* [Information provided]
+-------+
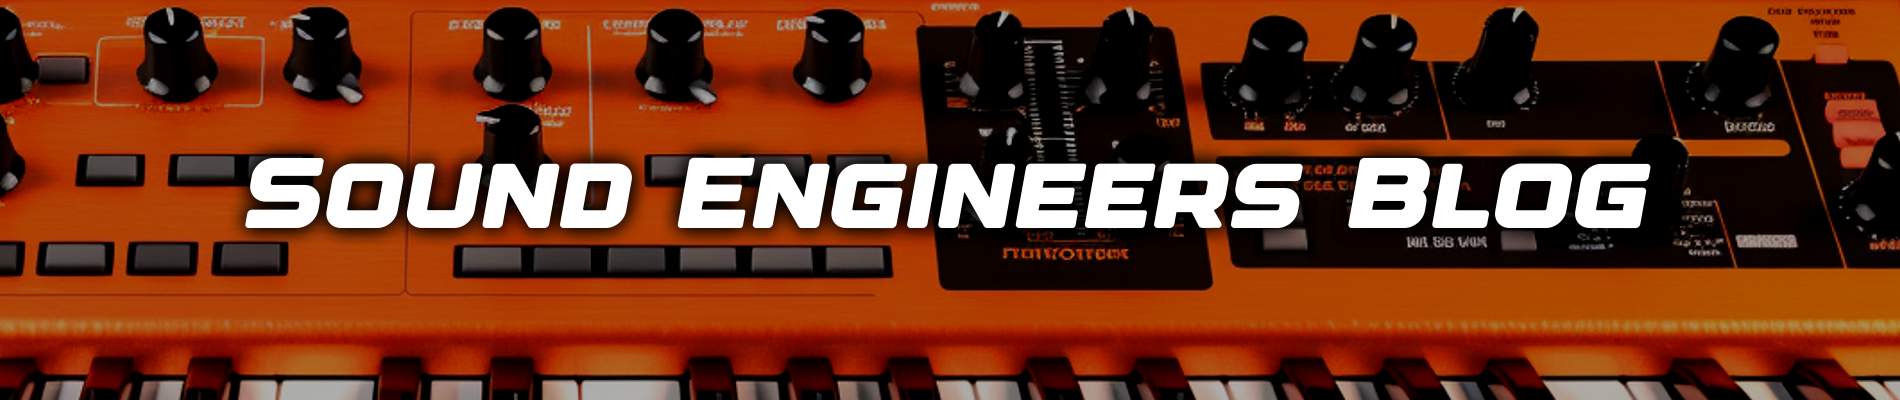 Sound Engineers Blog.
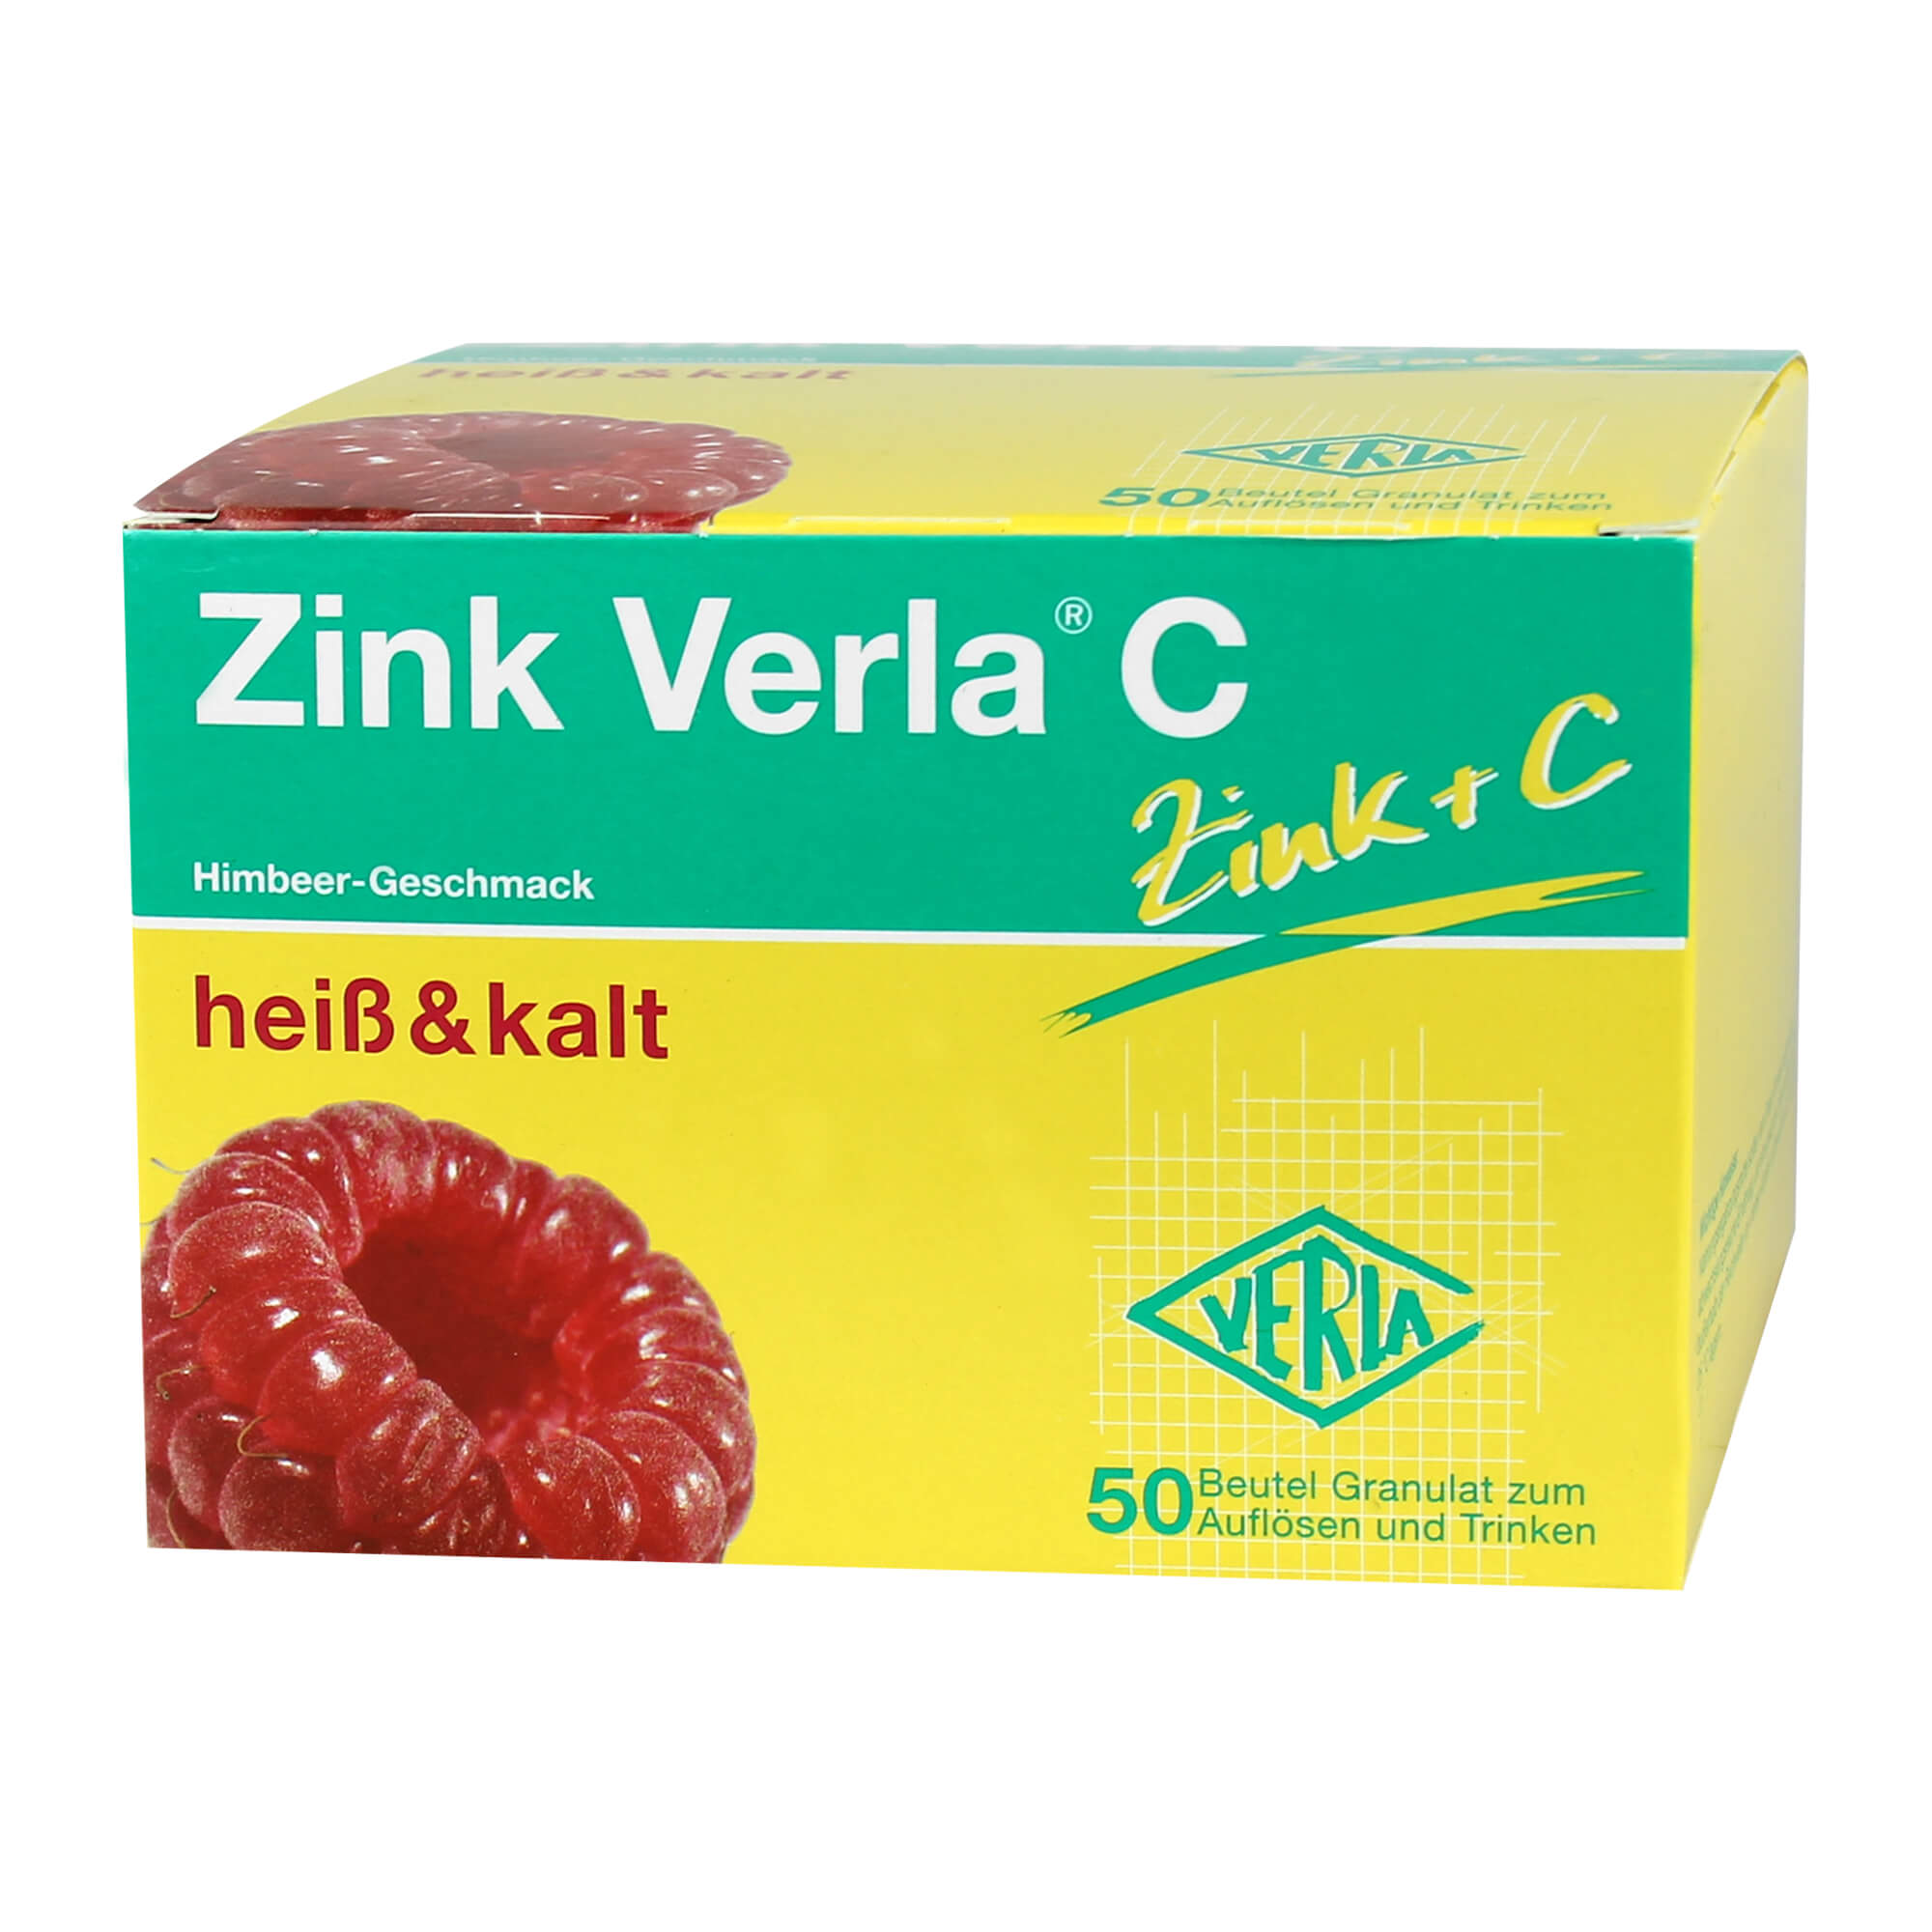 Enthält neben Zink auch Vitamin C. Mit Himbeer-Geschmack.
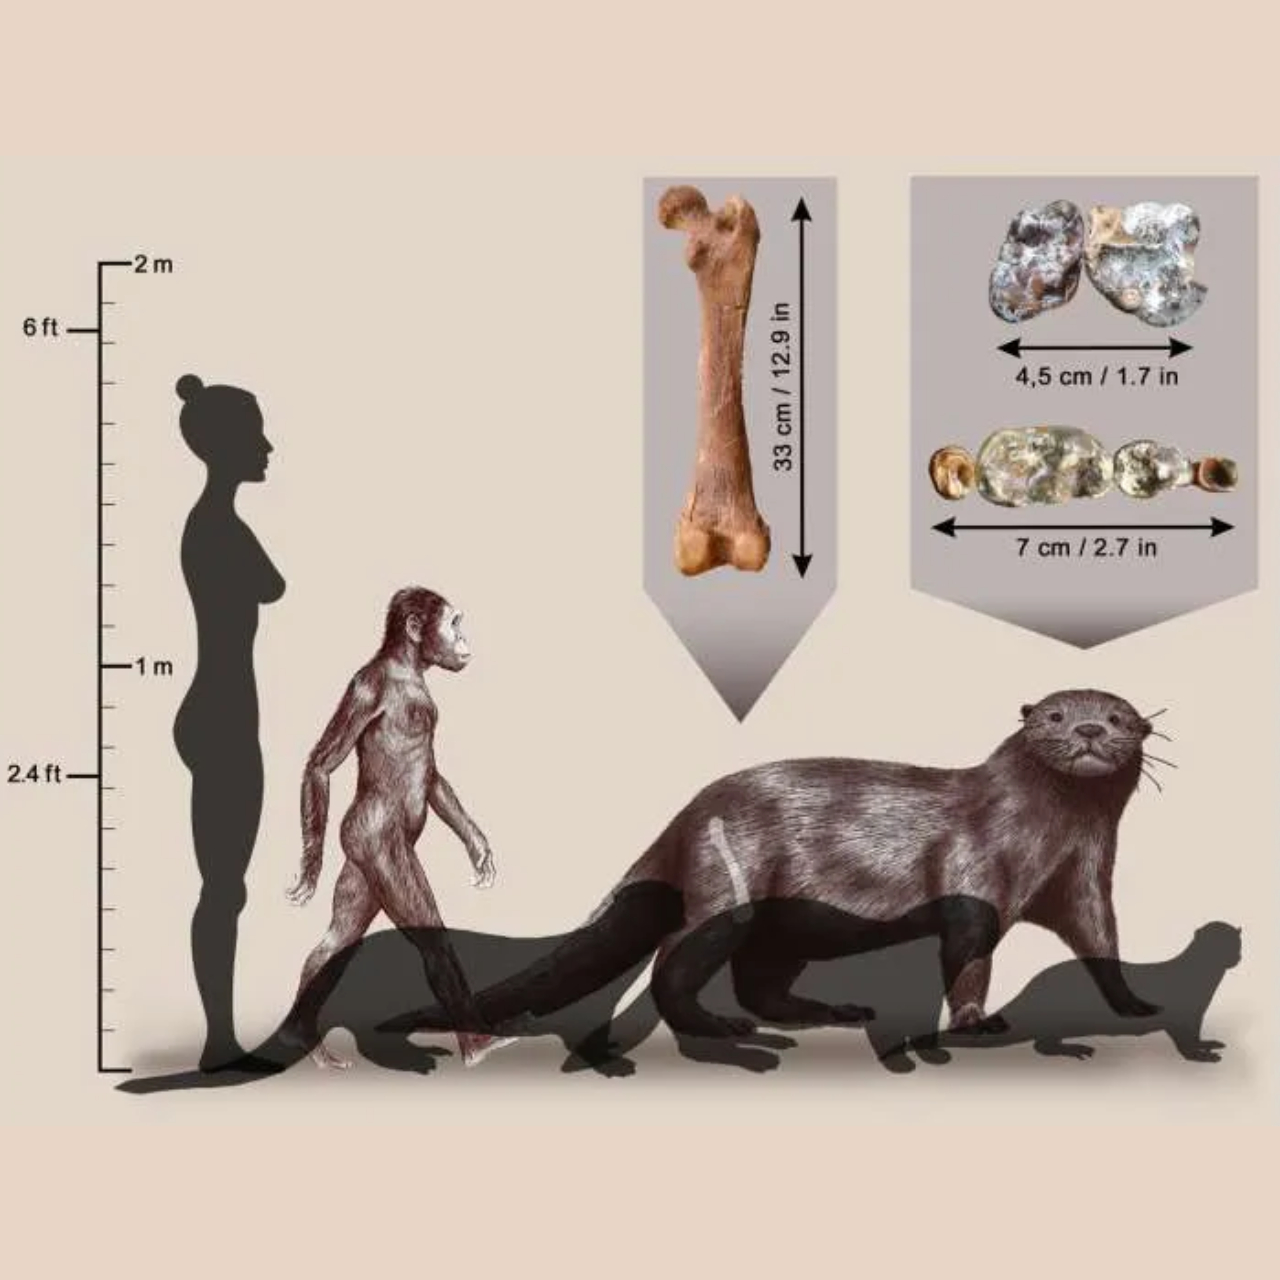 Imagem esquematizada comparando tamanho de lontra descoberta com humanos atuais, primitivos e lontras modernas
+-------+
* [Action item]
Reproduce the data exactly, please, and omit its pictures.

* [Answer]
 Sound Engineers Blog.
 Enthält neben Zink auch Vitamin C. Mit Himbeer-Geschmack.
 Imagem esquematizada comparando tamanho de lontra descoberta com humanos atuais, primitivos e lontras modernas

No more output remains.